00:12:17.900 For example, in Ruby, we can treat pretty much anything as a boolean, so X plus Y could be changed to X and Y, or X or Y. It can also change the order of operands in situations where that matters.
00:12:38.580 Most tools are smart enough not to bother doing this with addition, but they will do that with subtraction, division, and exponentiation.
00:12:51.320 It could also change a comparison from one to another; it could insert or remove a logical, mathematical, or bitwise negation.
00:13:03.970 It can change a constant, variable, or function call to a completely different value, possibly of a different type. For instance, it might change a number to a string.
00:13:18.650 It can remove entire lines of code, eliminate a condition, or control a loop. It could scramble or truncate arguments in a method call or a method declaration.
00:13:32.080 It can replace a method's entire body with just a constant, or either of the arguments, or trigger a deliberate error, or do nothing at all if the language permits.

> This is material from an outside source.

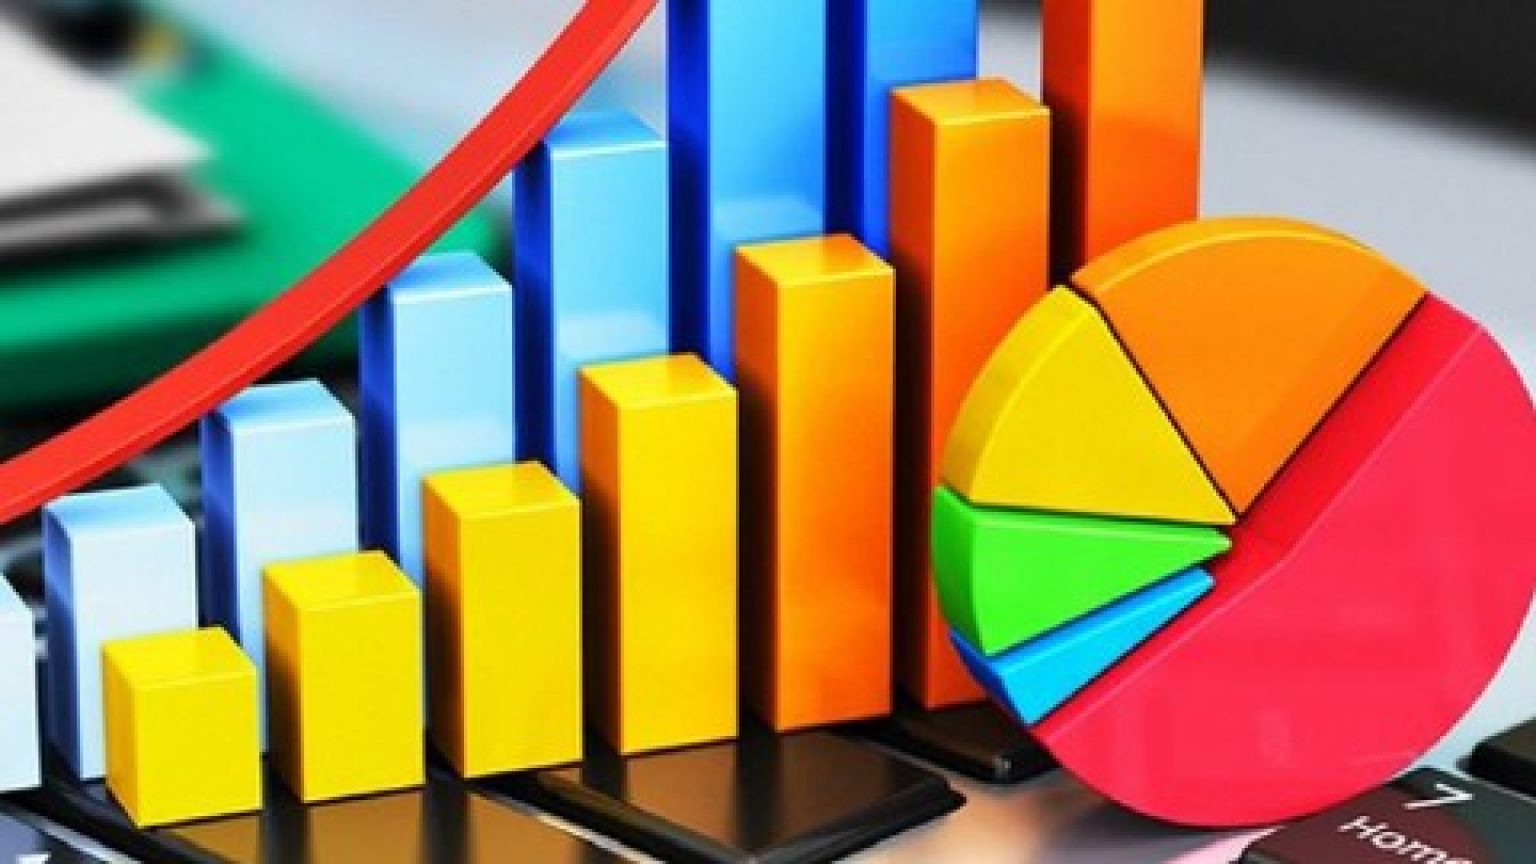 [100% OFF] Introduction to Statistics / Biostatistics with Certificate ...

00:13:48.370 There are many more kinds of changes it could make, but I hope you get the idea by now. From here on, I don’t want to add any more low-level details.
00:14:02.060 Let’s look at some examples. We'll start with an easy one. Suppose we have a method like this.
00:14:11.970 It's pretty simple, but think about what a mutant made from this might return. These are the values our unit tests are probably going to be looking at.
00:14:22.180 There are lots and lots of possibilities, but mainly it could return all kinds of values, like any of these expressions or constants, and many more.
00:14:39.050 Suppose we have only one test like this. This is a pretty bad test, but even so, most of the mutants would get killed for the ones shown here.
00:14:54.530 The ones returning constants are quite unlikely to match; for example, '4' is not a very common constant to randomly come up with.
00:15:04.960 Subtracting will yield zero; dividing gets us one; and returning either argument alone gets us two.
00:15:14.560 Even the ones that deliberately raise an error or accidentally do so will at least make the test fail.
00:15:27.700 But addition, multiplication, and exponentiation in reverse order can yield the right answer, and therefore will survive that particular test.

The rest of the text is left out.